Il est inéquitable de laisser à M. [O] la charge des frais irrépétibles exposés pour faire valoir ses droits, de sorte M. Monsieur [X] exerçant sous l’enseigne EMJK et la SASU CAR CONTROLE seront condamnés in solidum à lui verser la somme de 3.000 euros au titre de l’article 700 du code de procédure civile.
Monsieur [X] exerçant sous l’enseigne EMJK et la S.A.S.U. CAR CONTROLE seront condamnés in solidum à payer à M. [H] la somme de 2.000 euros sur le même fondement.

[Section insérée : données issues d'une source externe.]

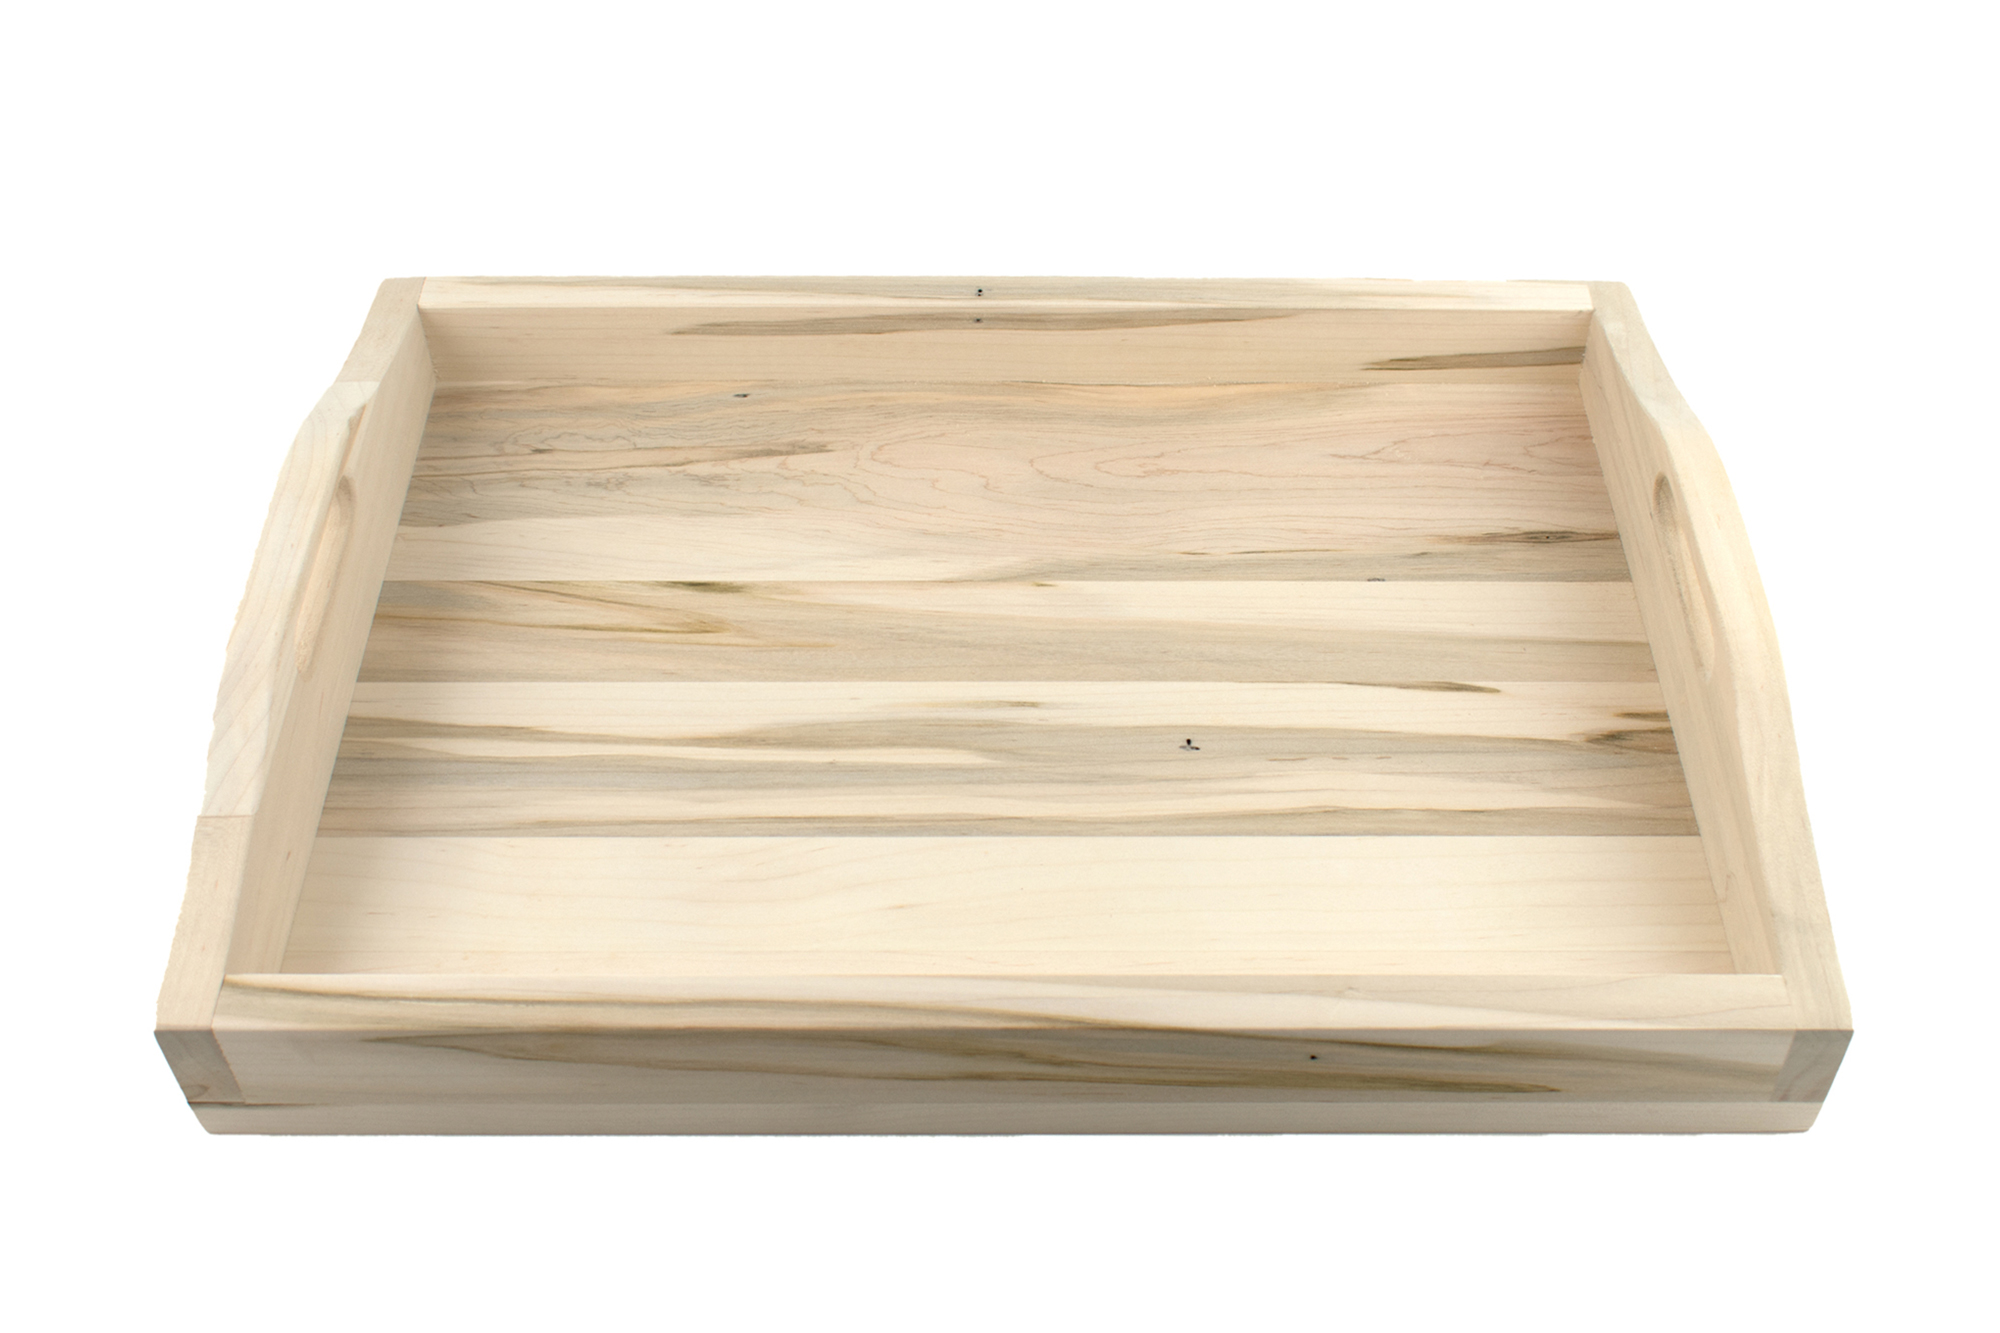 Large Wormy Maple Hardwood Tray with Handles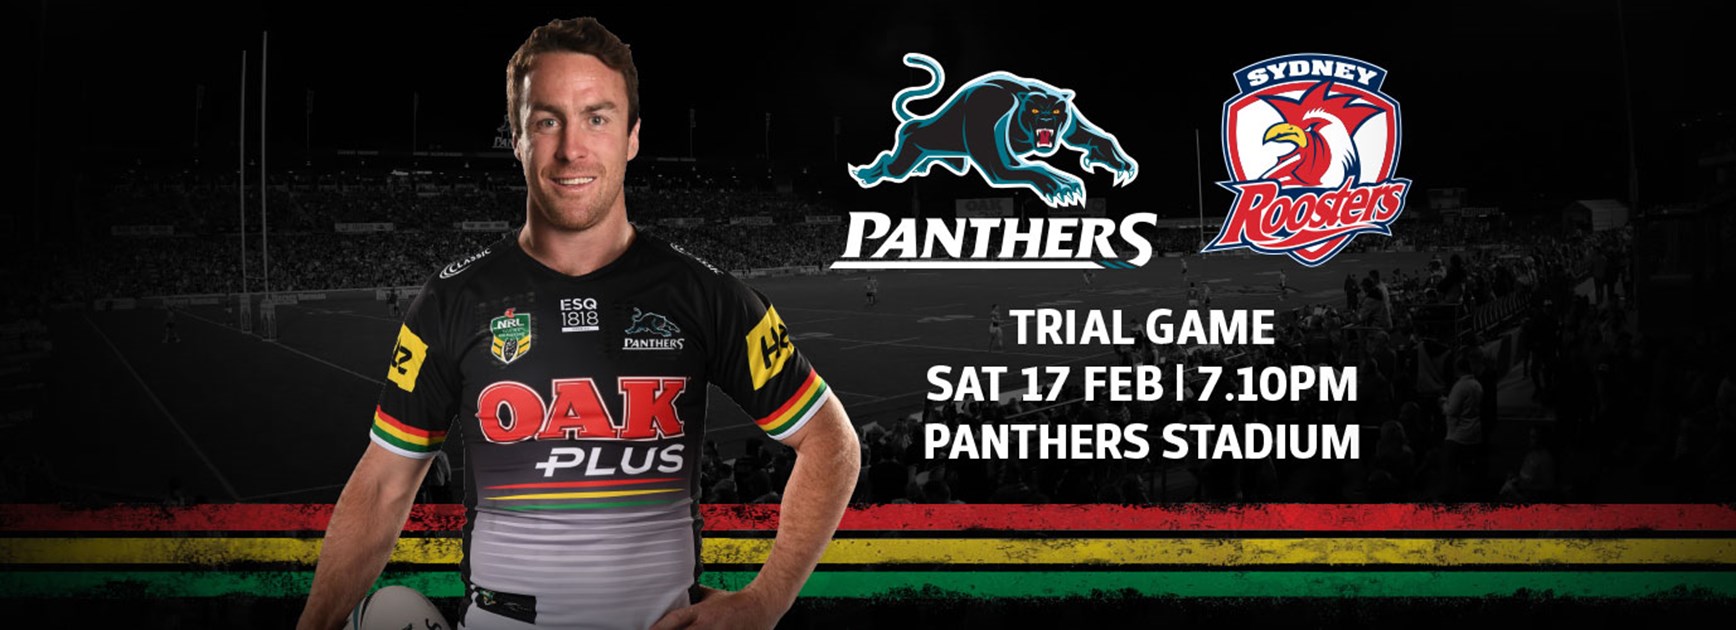 Gameday Info: Panthers v Roosters Trial

Aucune circonstance particulière ne justifie d’écarter l’exécution provisoire.
PAR CES MOTIFS
Le Tribunal statuant en audience publique, par jugement réputé contradictoire, par mise à disposition au greffe et en premier ressort,
PRONONCE la résolution de la vente du véhicule litigieux ;
CONDAMNE Monsieur [S], [N] [X] exerçant sous l’enseigne EMJK à restituer à M. [K] [O] la somme de 14 850 € avec intérêts au taux légal à compter du 25 septembre 2024, date de l’assignation ;
DIT que le véhicule sera mis à la disposition de Monsieur [S], [N] [X] exerçant sous l’enseigne EMJK par M. [K] [O] ;
DIT que Monsieur [S], [N] [X] prendra à sa charge les frais engendrés par la mise à disposition ;
CONDAMNE Monsieur [S], [N] [X] exerçant sous l’enseigne EMJK à payer à M. [K] [O] les sommes suivantes avec intérêts au taux légal à compter du 25 septembre 2024, date de l’assignation :
— 288,76 € au titre des frais d’immatriculation ;
— 660 € et 598,32 € au titre des frais de crédit ;
— 786 € au titre des frais de sellerie ;
— 131,40 € au titre des frais de contrôle ;
— 48 € au titre des frais d’expertise ;
— 7 293,59 € au titre des primes d’assurance ;
— au paiement d’une indemnité d’immobilisation pour 14,80 € par jour depuis le 27.01.2020 et ce jusqu’à complet paiement du remboursement du prix et de l’indemnisation des préjudices ;
CONDAMNE Monsieur [S], [N] [X] exerçant sous l’enseigne EMJK à payer à M. [K] [O] la somme de 500 euros au titre du préjudice moral ;
CONDAMNE la SASU CAR CONTROLE à payer à M. [K] [O] la somme de 5.000 € au titre de la perte de chance ;
CONDAMNE Monsieur [S], [N] [X] exerçant sous l’enseigne EMJK à payer à M. [S] [H] la somme de 10.000 € au titre du prix de la vente du véhicule avec intérêts au taux légal à compter du 25 septembre 2024, date de l’assignation ;
CONDAMNE Monsieur [S], [N] [X] exerçant sous l’enseigne EMJK et la SASU CAR CONTROLE aux dépens en ce compris ceux de l’expertise judiciaire distraits au profit de Maître ROLLAND DE RENVERGE ;
CONDAMNE in solidum Monsieur [S], [N] [X] exerçant sous l’enseigne EMJK et la SASU CAR CONTROLE à payer M. [K] [O] la somme de 3.000 € au titre de l’article 700 du Code de procédure civile ;
CONDAMNE in solidum Monsieur [S], [N] [X] exerçant sous l’enseigne EMJK et la SASU CAR CONTROLE à payer M. [S] [H] la somme de 2.000 € au titre de l’article 700 du Code de procédure civile ;
MAINTIENT l’exécution provisoire de la présente décision.
Ainsi jugé et signé en audience publique, et prononcé par mise à disposition au greffe les jour, mois et an susdits.